# The dikes



## APD (Nov 16, 2008)

Having been an earn your birds type of person since i was young, i've never really understood sitting on a dike and just shooting at birds. I use all sorts of transportation to get my ducks and have often looked down upon those that are content to pull up, park and shoot. Well, I got to thinking about it and i realized that if i've never done it then i can't really have an informed opinion on the matter. About a week ago i tried a dike hunt out at howard's slough. I saw a lot of what i expected to see and also learned something about myself. I'm a hypocrite. I actually enjoyed the shoot. I wouldn't want to do that every day but it really is fun to do occasionally.

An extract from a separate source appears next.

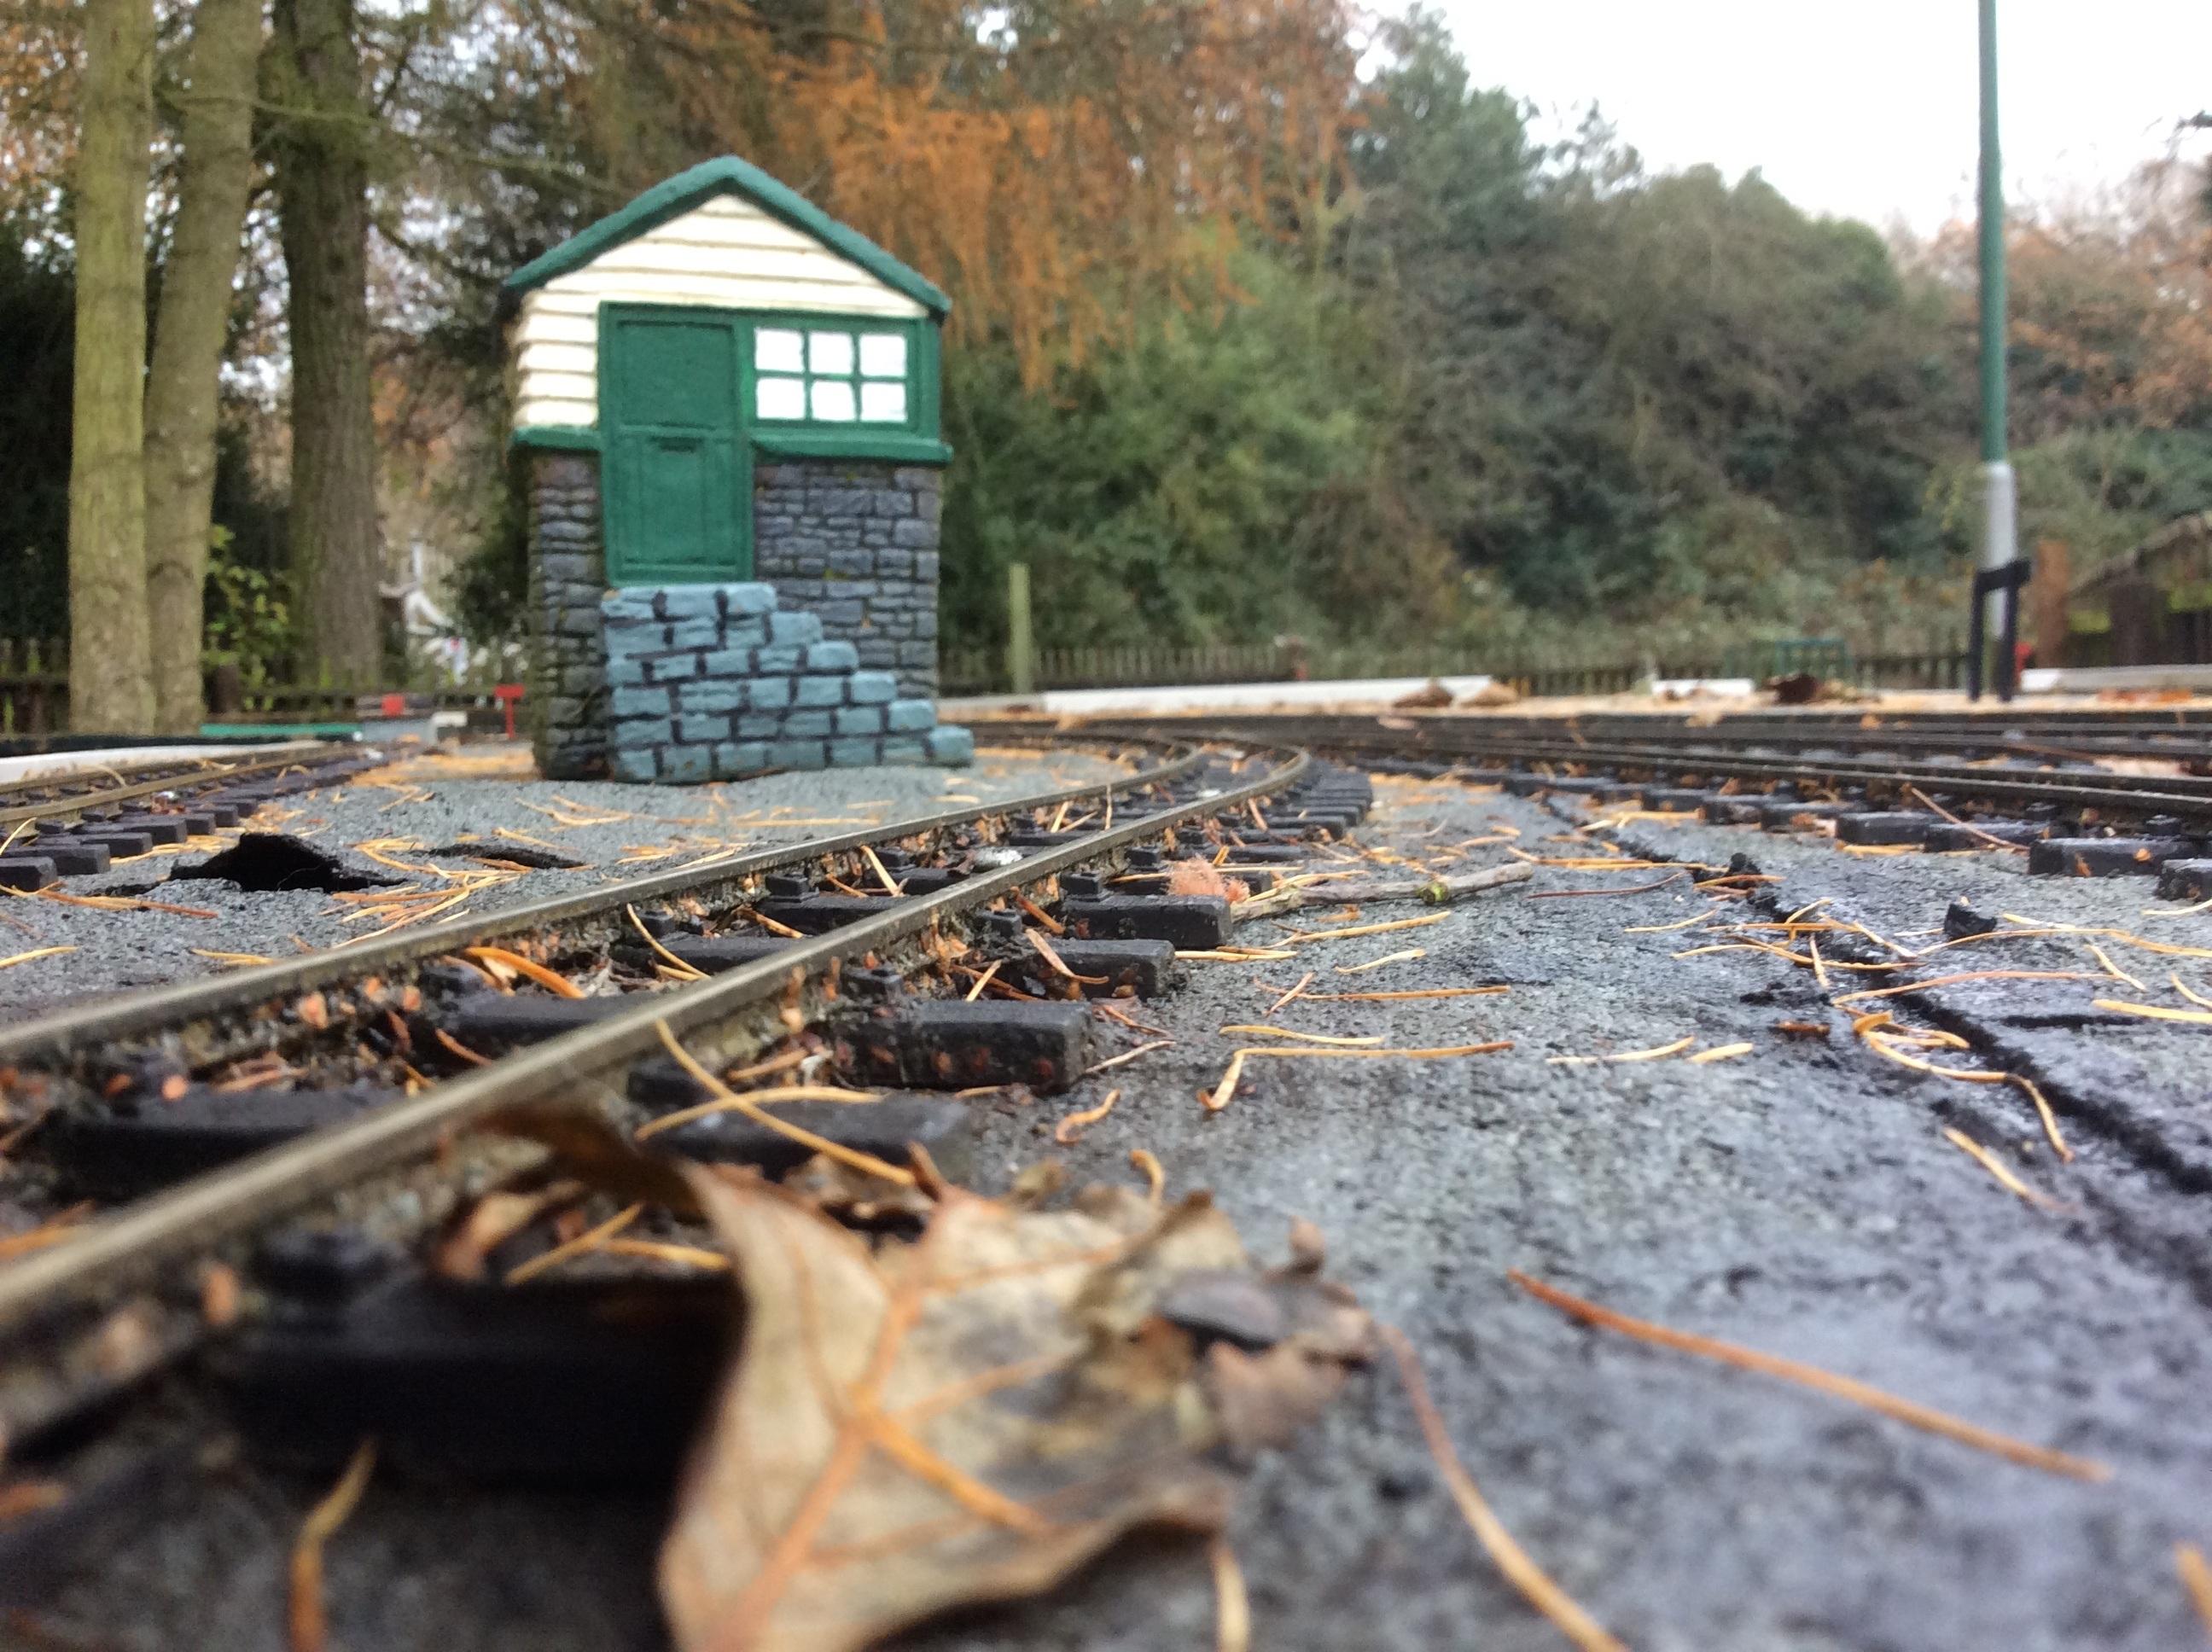 madera pista transporte suelo locomotora carro trenes railyard fenomeno geologico

The other things i learned there, most of you already know. If you get there an hour early, someone will come in right at shooting time and sit less than 20 yards from you, it is inevitable. When you are so close to other people hunting you can see how far away the birds are that they are shooting. you can also hear what they are saying. That morning i heard a lot of talk about judging range and what type of bird that was they just shot. In a one hour time period I saw at least 10 birds shot, wounded and unable to be retrieved. That occasionally happens but it was from only 3 groups out of many. The one group next to me just didn't understand their distances and took shots consistently at 50-65 yards, resulting in several gliders out to the open pond. The worst group out there were two teens that shot anything within 125 yards. I got the chance to talk to them on the way out about two birds that fell dead about 200 yards from where they were hunting. Both of them claimed to not have seen them fall as they were watching other birds. They were young, excited to shoot and ignorant of what to do after the shot. Most of us have been there at one time or another. Some were fortunate enough to grow up with a strong hunting background and good mentors. For those of us who had to figure it out on our own, we learn by trial an error. If something isn't working, then we change what we're doing. Not everyone is like that. Some people need a little help in that department. That brings me to the one statement that really stuck with me that day. After about 10 minutes of shooting, one guy next to me said he needed to run back to the truck because he only brought 1 box of shells. It got me thinking about how many birds I've seen sail with locked wings from 80 yards above the dike out a few hundred yards, only to die and not be retrieved. If those guys shooting on the dike only got a box of shells, then maybe they'd be more selective of their shots. That might even give them a chance to see where their real range is.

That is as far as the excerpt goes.